EXERCISE DIRECTIONS: Without reproducing any image, print the listing below exactly.

DATA SECTION:
* * * *

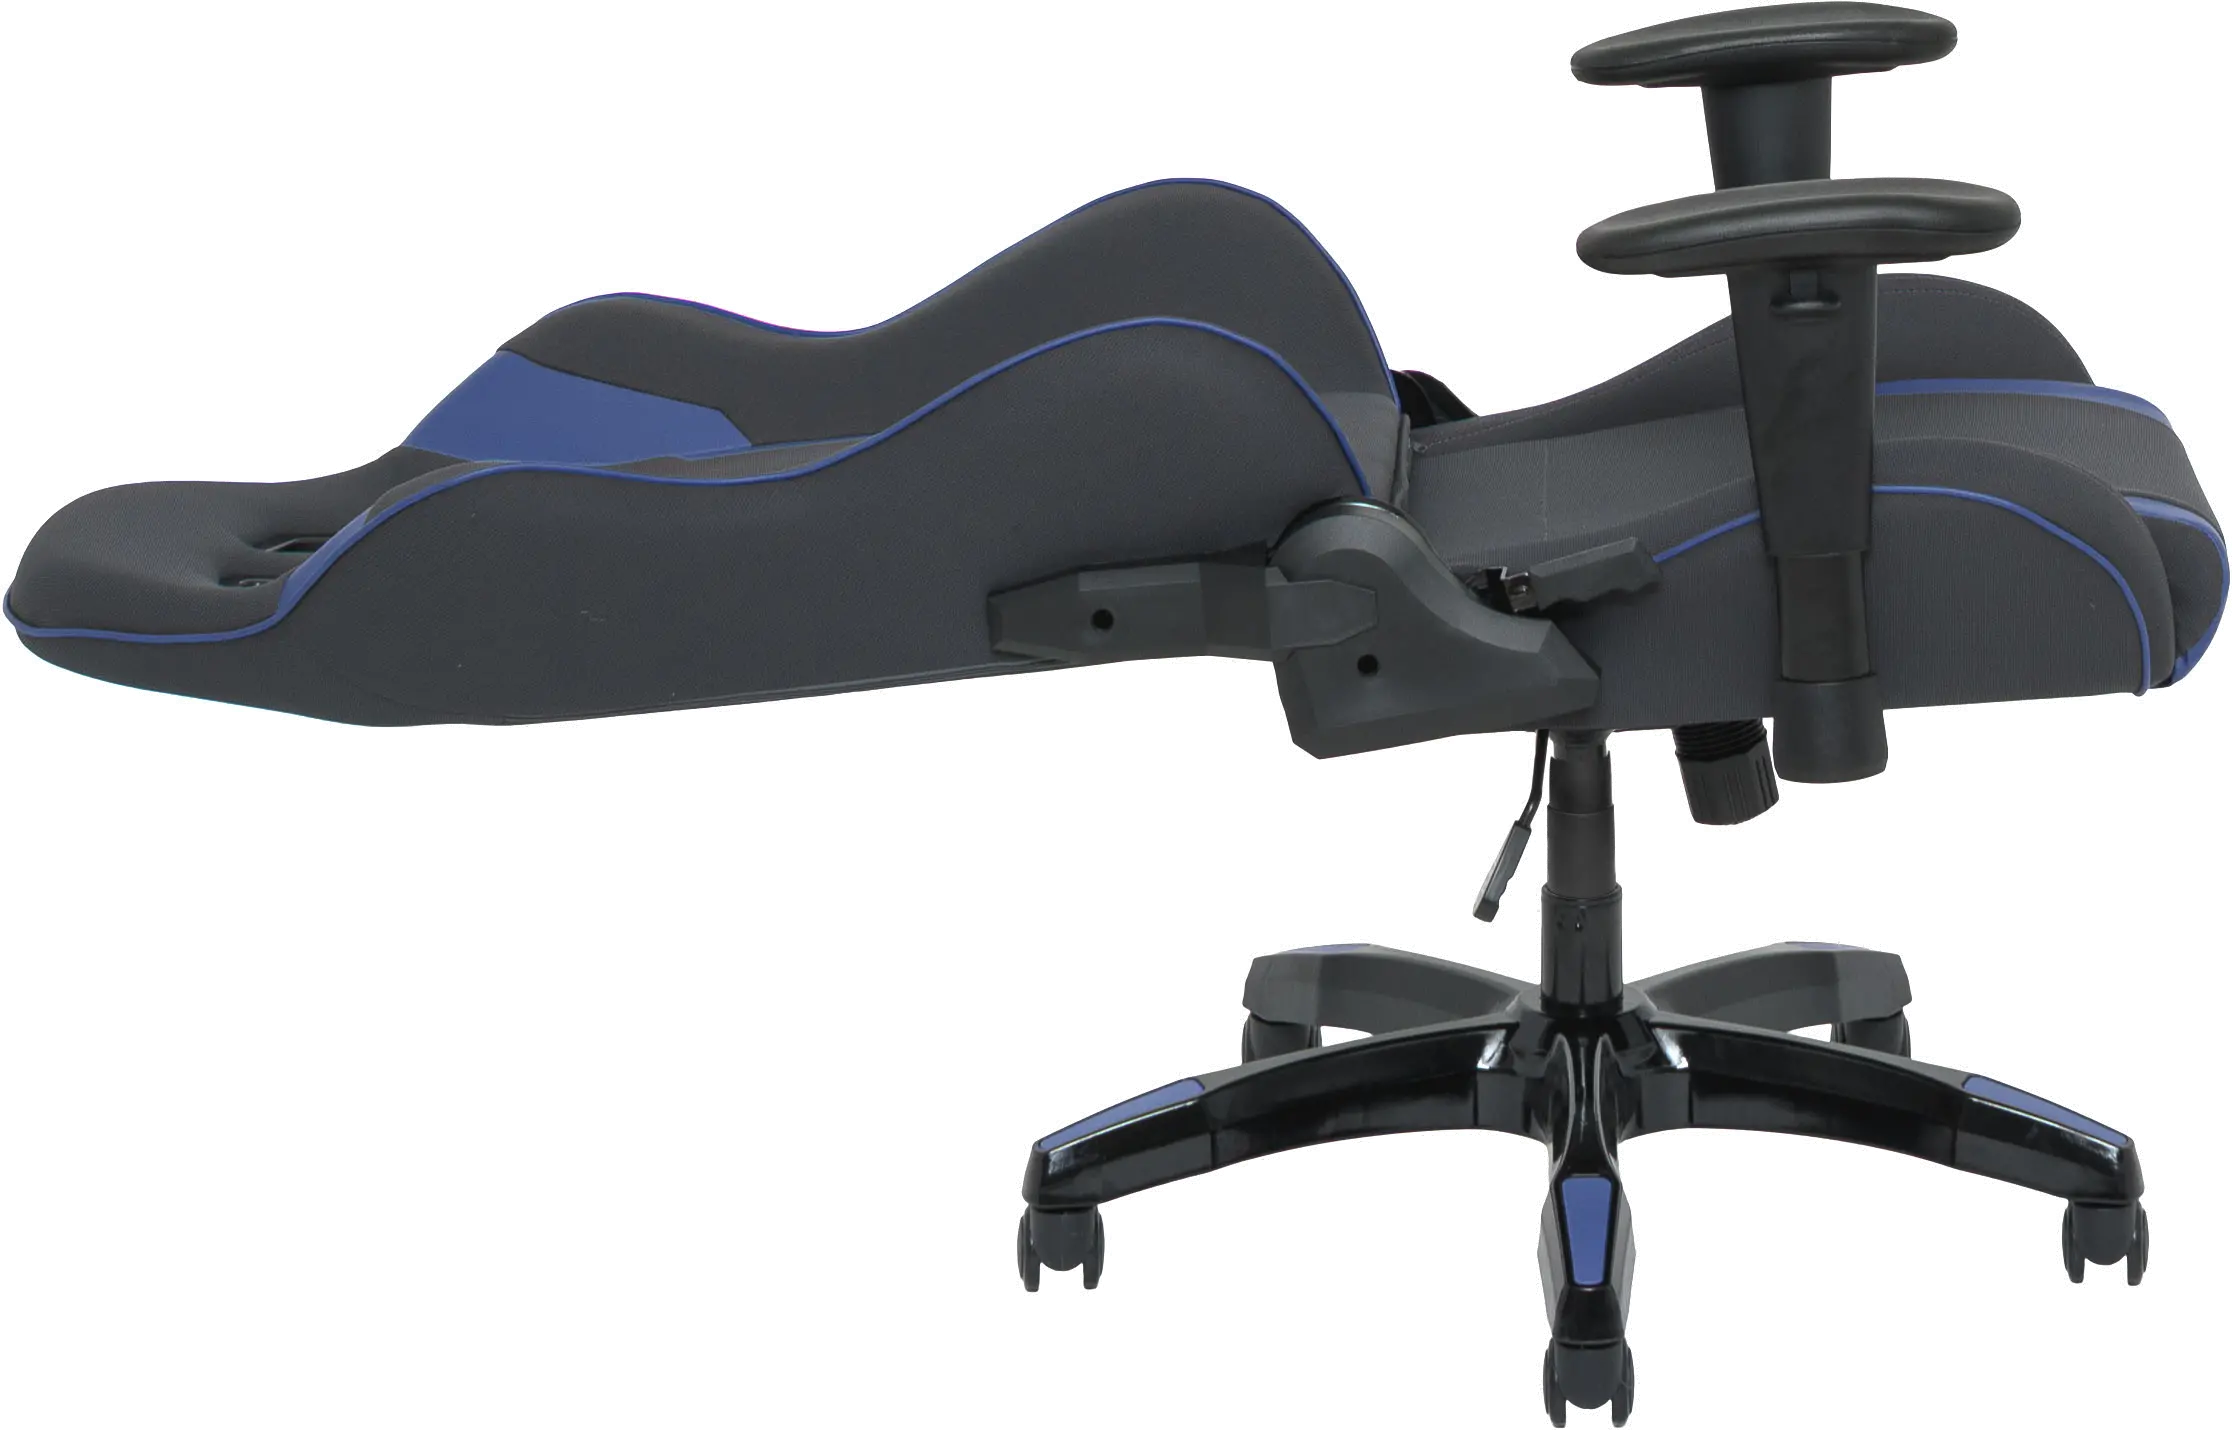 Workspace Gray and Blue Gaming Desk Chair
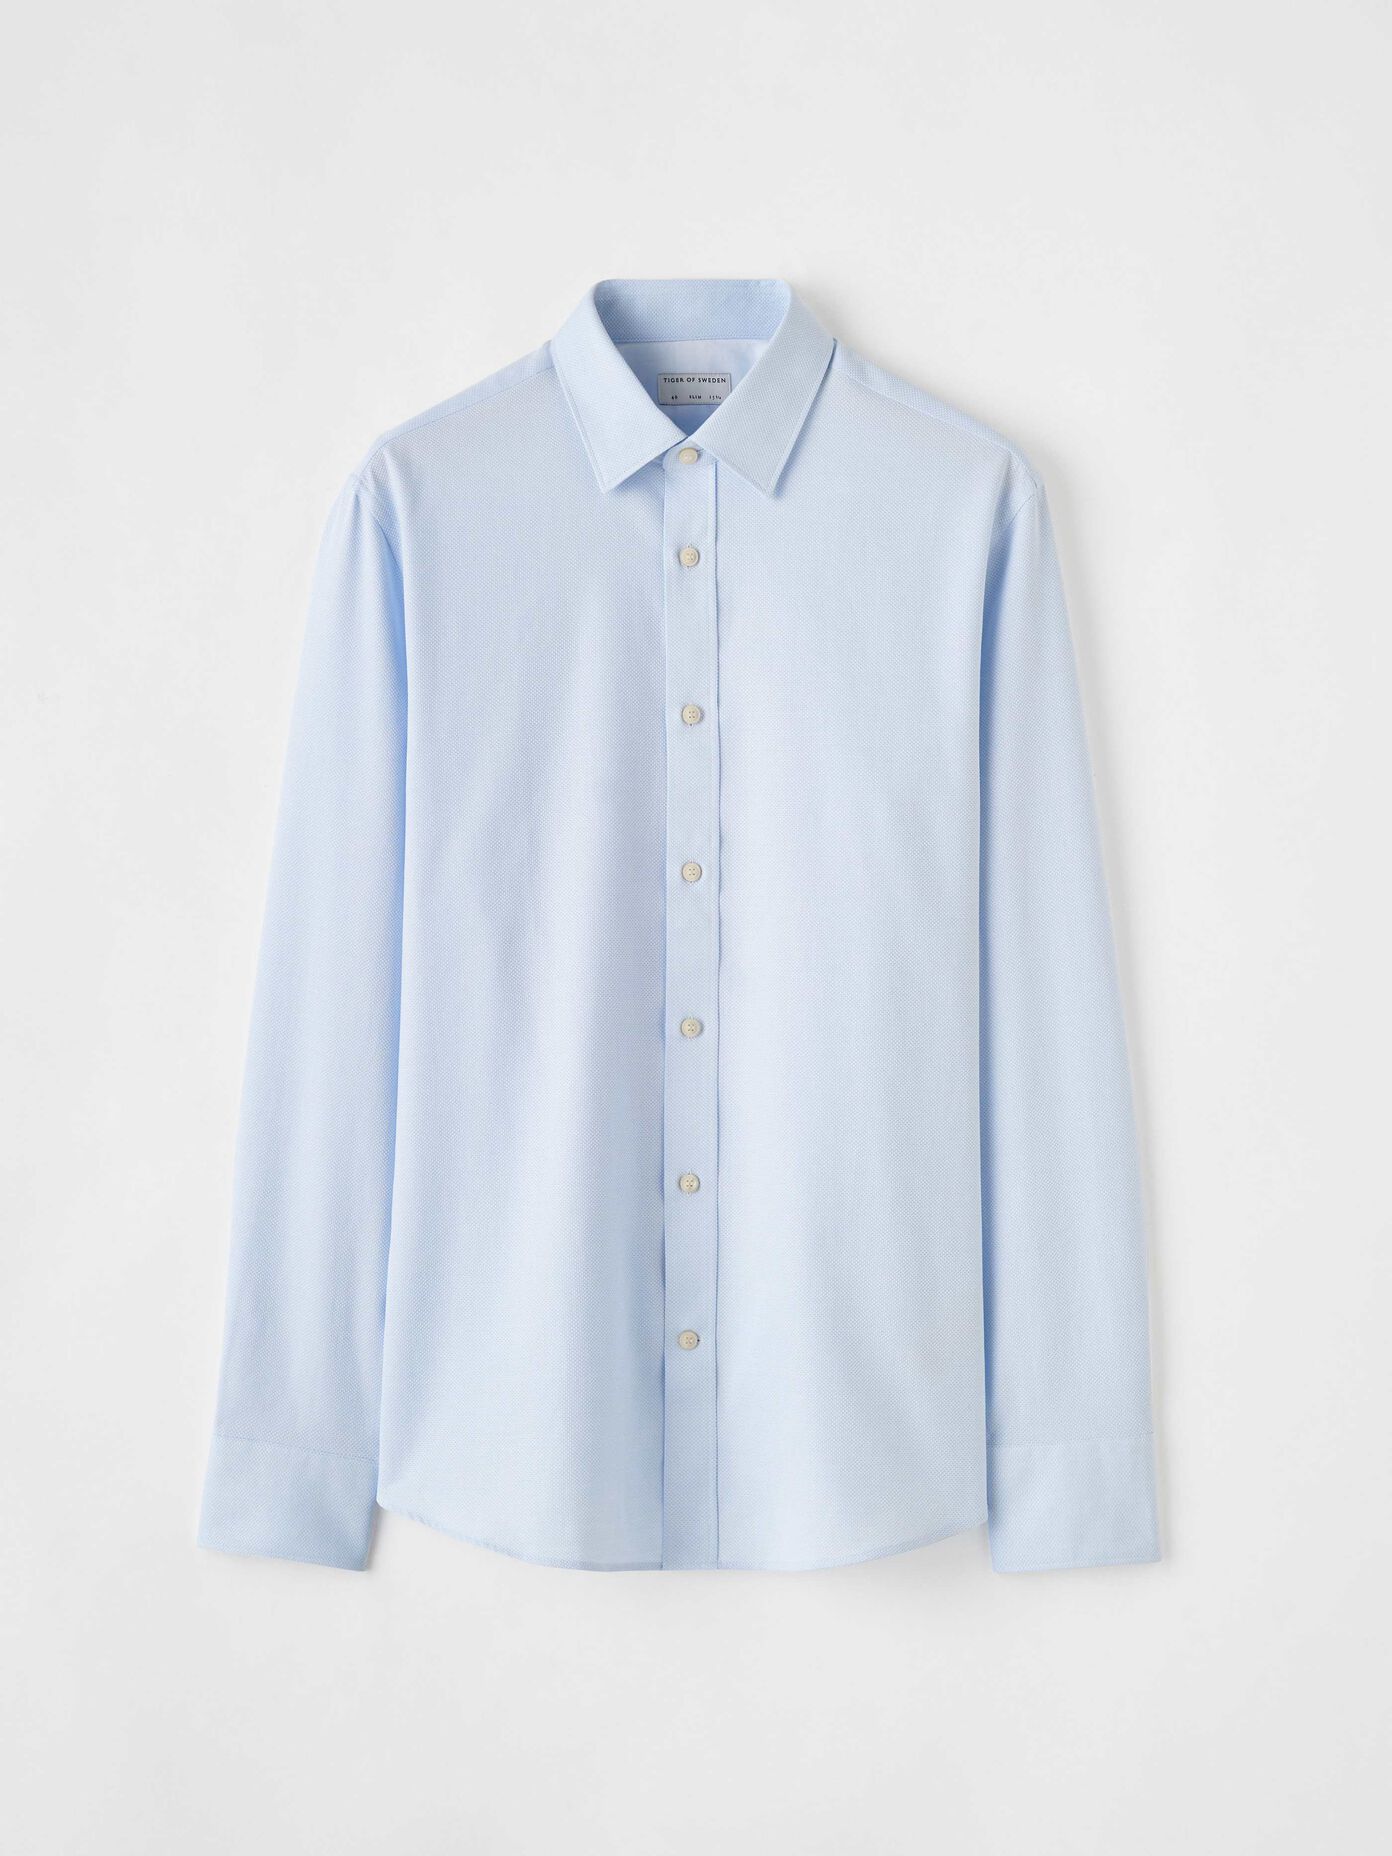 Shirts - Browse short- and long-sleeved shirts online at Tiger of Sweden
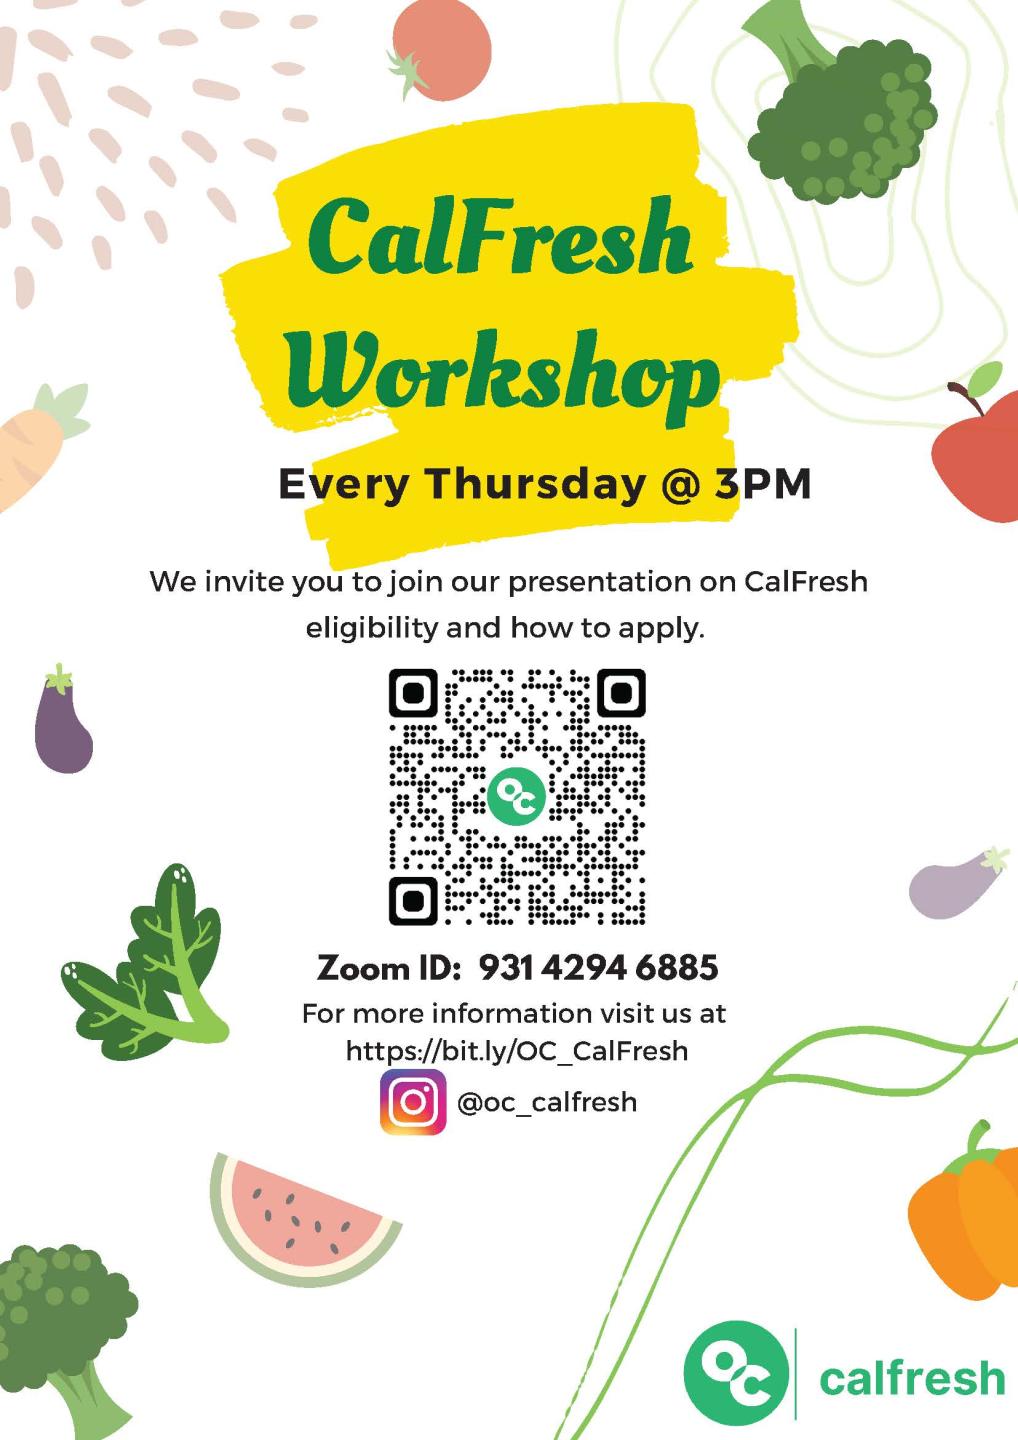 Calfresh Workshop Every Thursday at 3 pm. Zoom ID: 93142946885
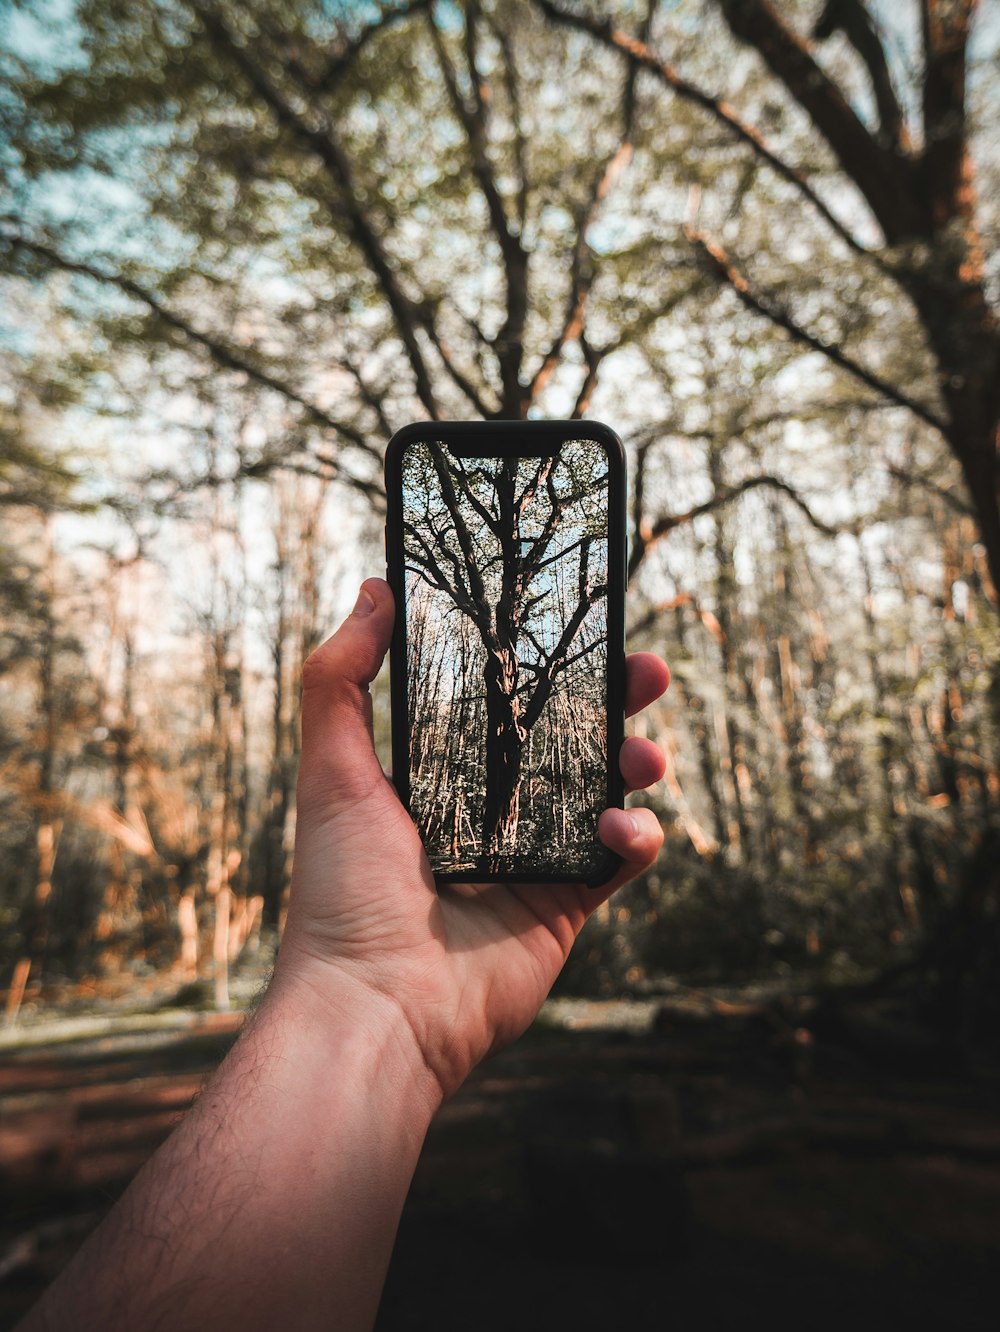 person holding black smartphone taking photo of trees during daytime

* * * *

SOLUTION:
 Workspace Gray and Blue Gaming Desk Chair
 Shirts - Browse short- and long-sleeved shirts online at Tiger of Sweden
 Calfresh Workshop Every Thursday at 3 pm. Zoom ID: 93142946885
 person holding black smartphone taking photo of trees during daytime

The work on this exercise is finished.